The control node 500 has a database that includes computational resource information including computational power of each distributed node to which the control node 500 is connected, arithmetic resource information including computational power of the arithmetic device of each distributed node, and a communication bandwidth between devices in each distributed node or between distributed nodes, position information about the distributed nodes and the like. The control node 500 searches for available computational resources using such a database and determines distributed nodes and a connection path required to process a job.

The control node 500 in the present embodiment can be realized by a computer provided with the computational resource quantity estimation unit 501, the distributed node determination unit 502, the path selection unit 503, the path setting unit 504, the fault avoidance unit 505, the database unit 506, a CPU (central processing unit), a storage device and an external interface (hereinafter referred to as an external I/F) and a program that controls these hardware resources as an example. A configuration example of such a computer is shown in FIG. 4.

A computer 1000 is provided with a CPU 2000, a storage device 3000 and an external I/F 4000, which are mutually connected via an I/O interface 5000. The program for realizing the operation of the control node of the present embodiment, computational resource information, arithmetic resource information including the computational power of the arithmetic device of each distributed node, and the like are stored in the storage device 3000. Computers that mutually transmit/receive signals are connected to the external I/F 4000. The CPU 2000 executes the process explained in the present embodiment according to the program and the like stored in the storage device 3000. Further, a configuration is also possible in which the processing program is recorded to a computer-readable recording medium.

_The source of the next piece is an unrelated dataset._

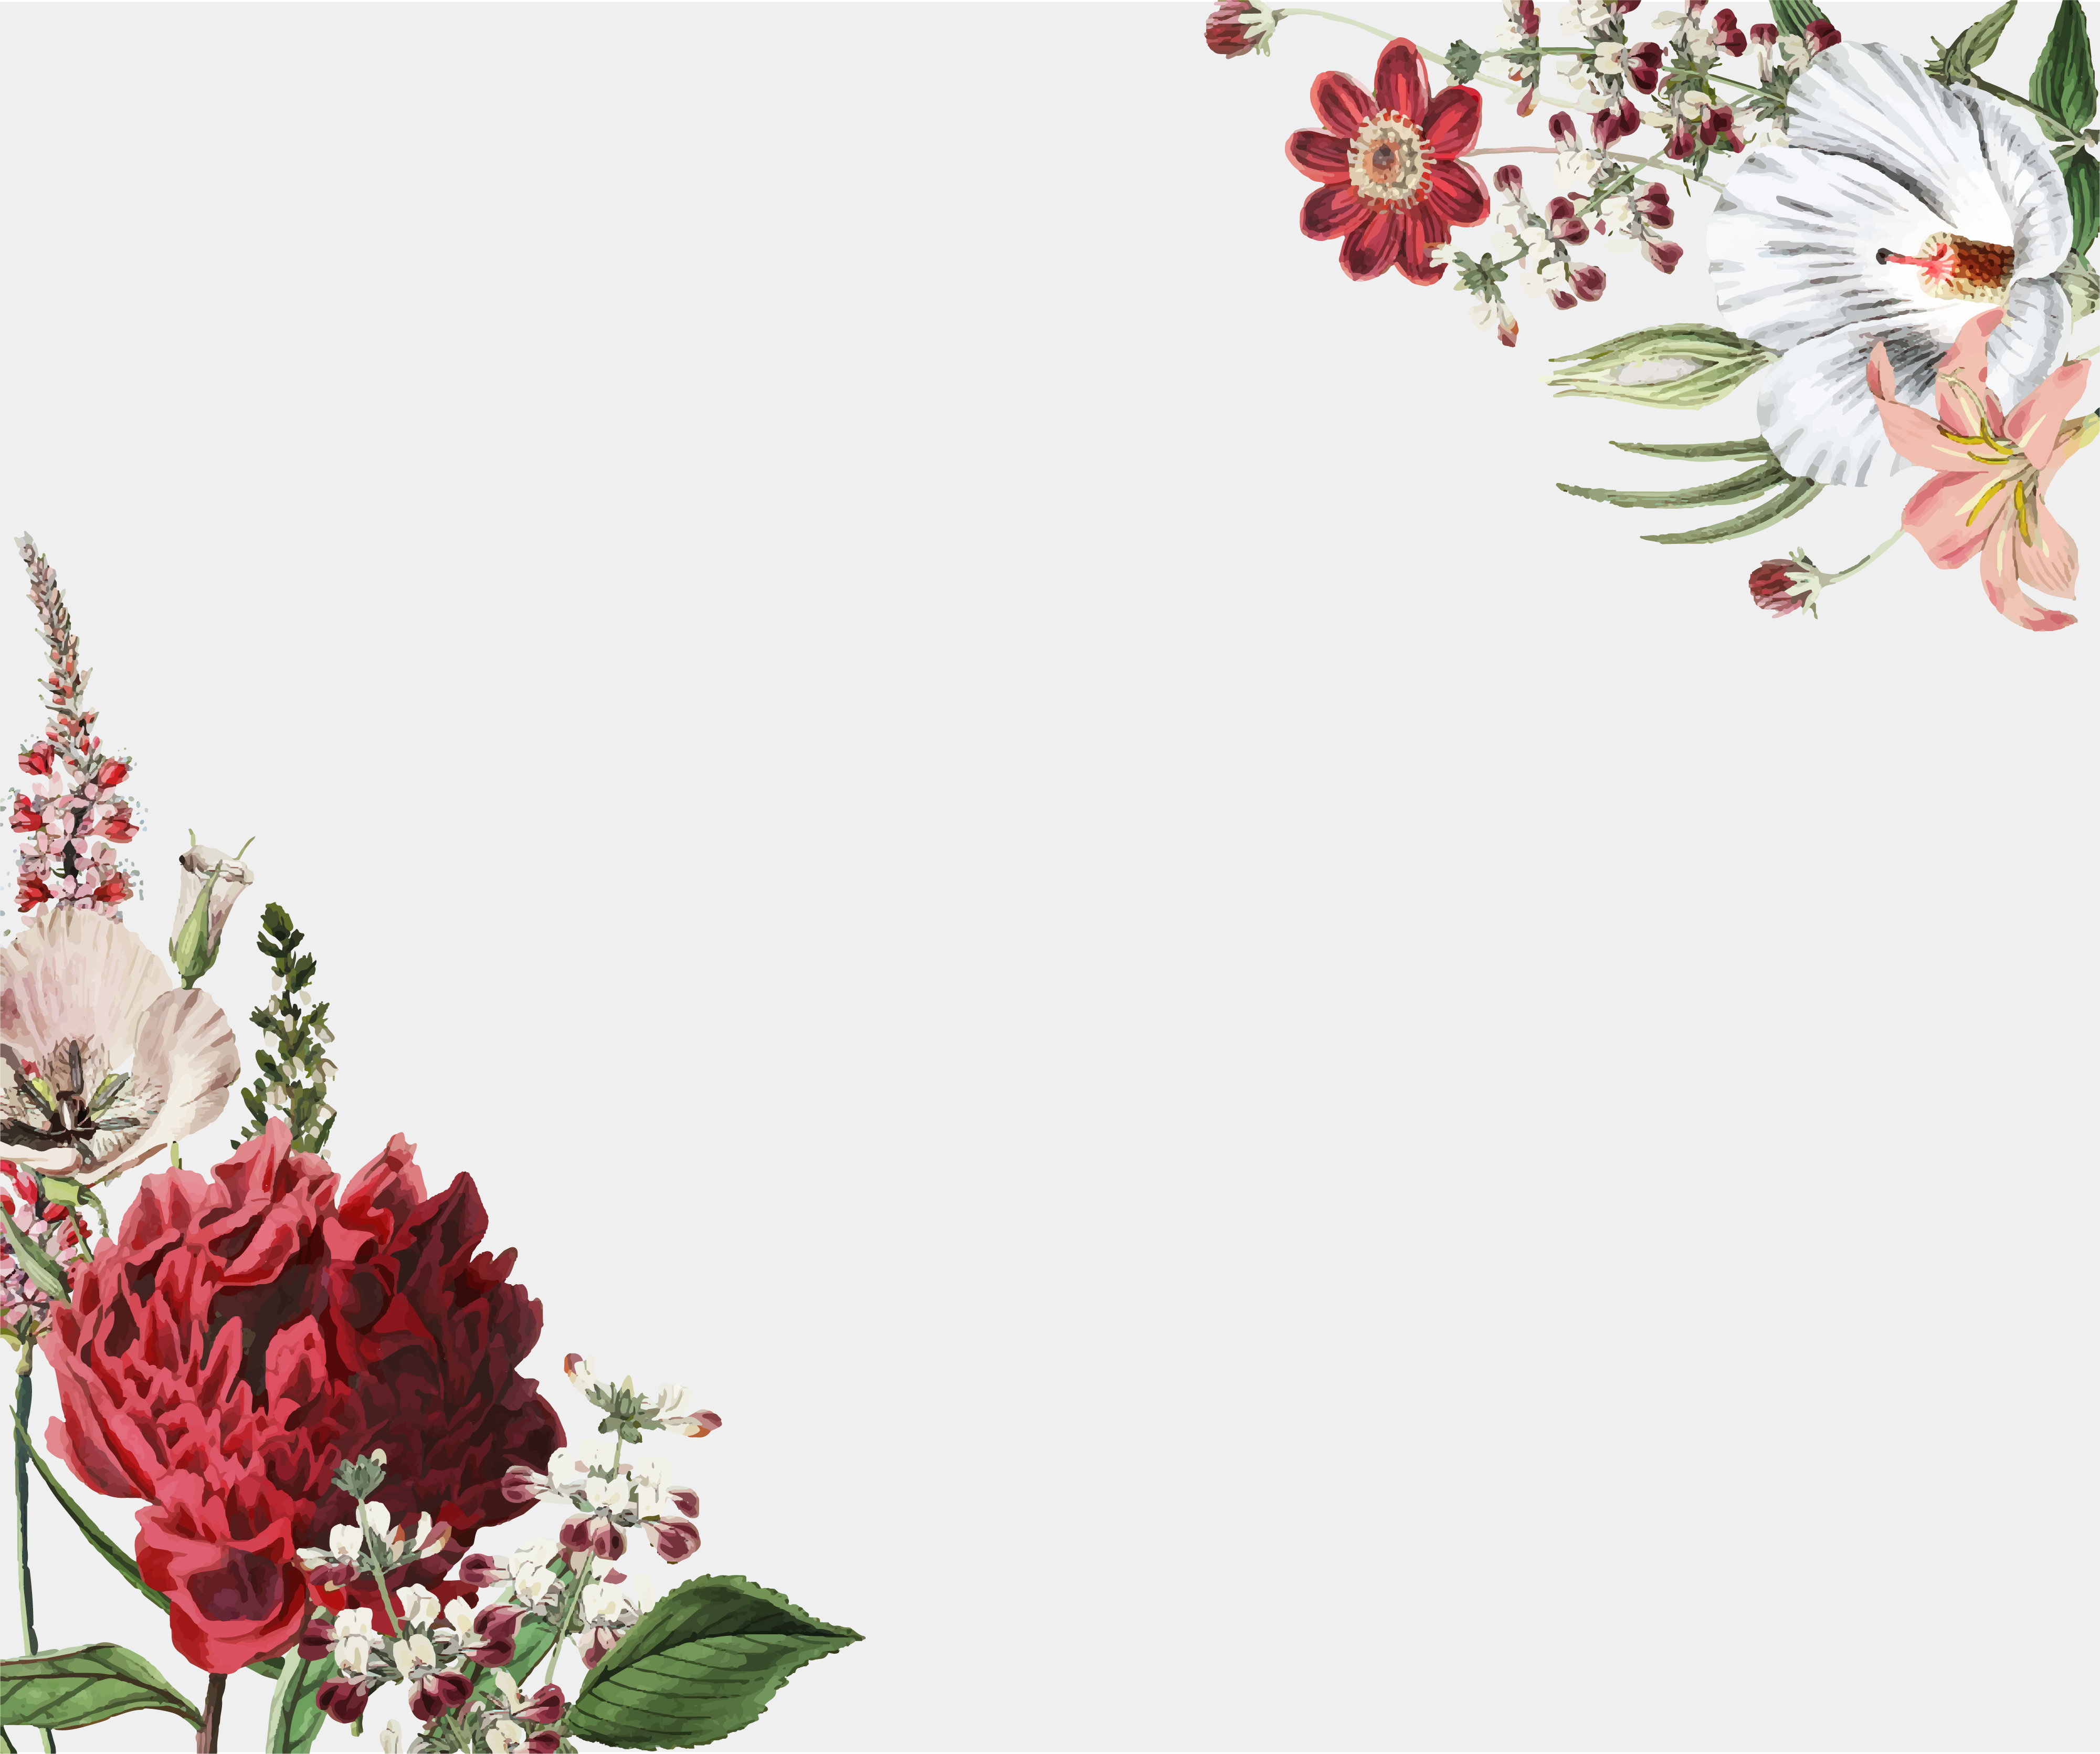 Flower frame design  Download Free Vectors Clipart

Device Configuration of Distributed Node

Next, a specific device configuration example of each distributed node will be explained. The specific device configuration of each distributed node explained below is an exemplification, and the device configuration is not limited thereto.

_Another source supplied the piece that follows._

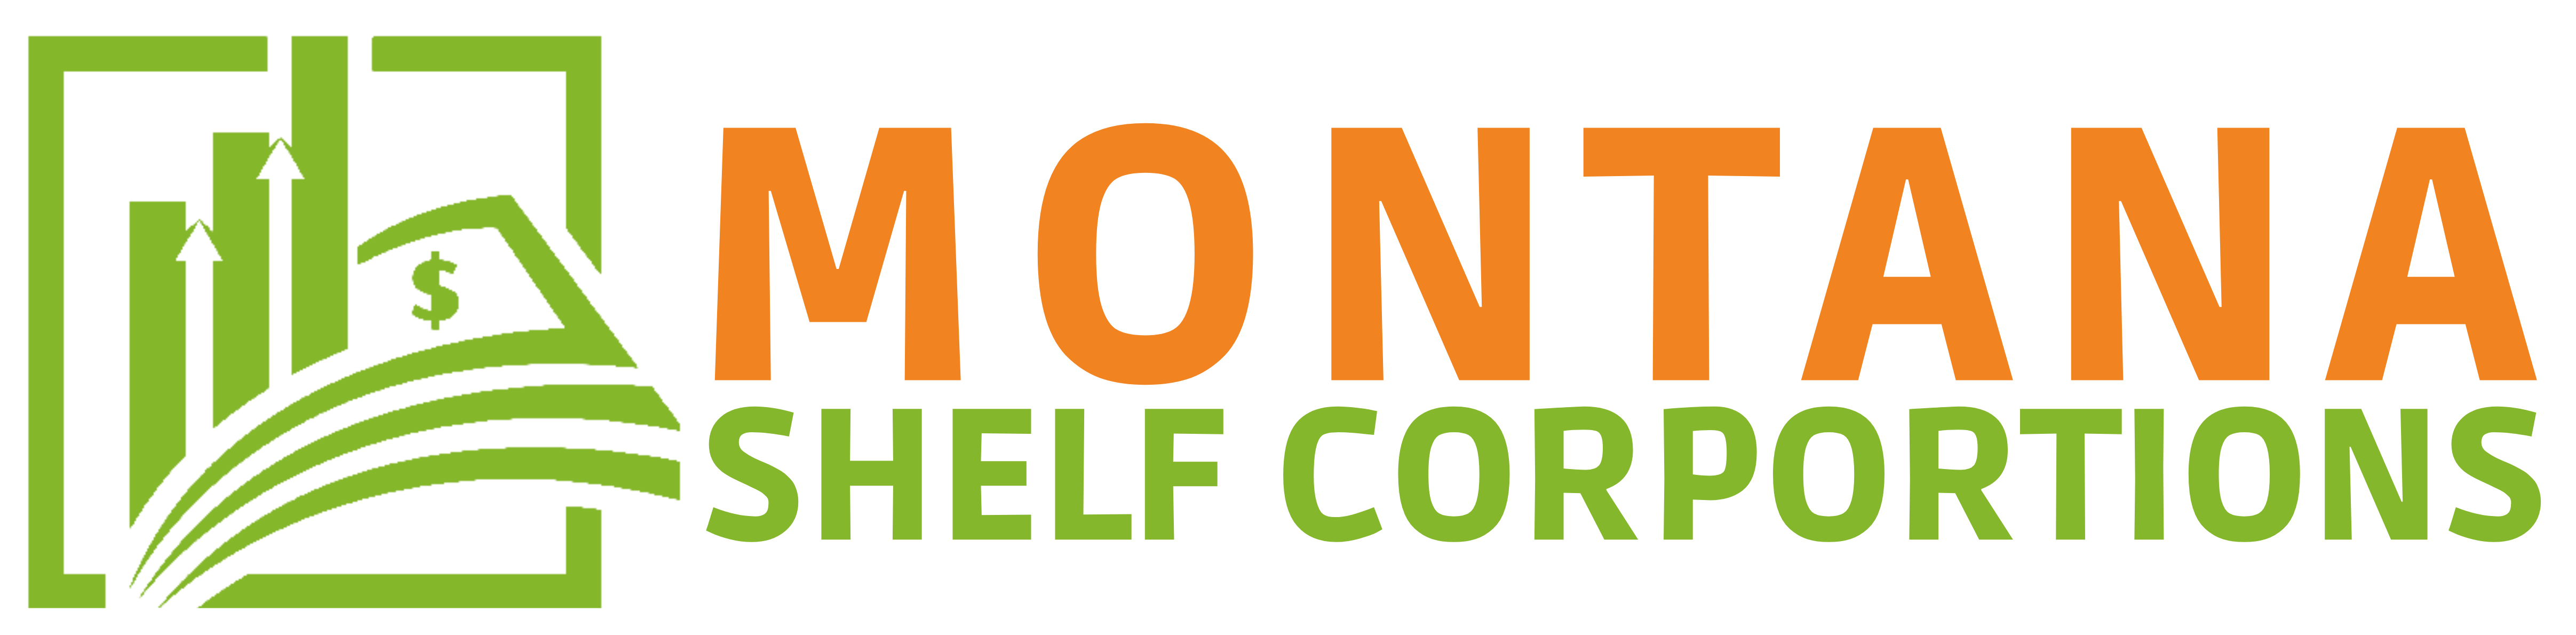 Montana Shelf Corporations Logo

Each distributed node in the present embodiment is, for example, a SYS-4028GR-TR2 server made by Super Micro Computer, Inc. (hereinafter referred to as “the server”). Each of the interconnects of the distributed node is composed of an interconnect card and an interconnect port. For example, a VCU118 Evaluation board made by Xillinx Inc. (hereinafter referred to as “the FPGA board”) is inserted in the 16-lane slot of PCI Express 3.0 (Gen 3) of the server as an interconnect card. Furthermore, on the FMC+ port on the FPGA board, HTG-FMC-X2QSFP28 made by HiTech Global, LLC. (hereinafter referred to as “the daughter board”) is mounted.

Further, for each of two ports, two 100-Gbps QSFP28-type optical transceivers are prepared on each of the FPGA board and the daughter board as interconnect ports, four ports thus being prepared in total. Thus, each server constituting a distributed node can be provided with four interconnects.

The path selection circuit is written on an FPGA chip on the FPGA board as a circuit. The interconnects are not limited to optical transceivers, and PCIe's that are exclusively used as internal buses of a distributed node is also included. The explanation below will be made with the optical transceiver part of an interconnect as the interconnect.

Operation of Distributed Node Step 0: Acceptance of Job and Estimation of Resources

Here, operations of the distributed nodes in the present embodiment will be explained using FIGS. 1 and 2. First, it is assumed that the four distributed nodes 110-1 to 110-4 of the distributed system 101 of the area A, which are connected in a ring configuration, are performing distributed processing for a certain computation job. A case is assumed where, when a new computation job is given after the computation job ends, the control node 500 determines that three times the quantity of computational resources is required to process the new computation job.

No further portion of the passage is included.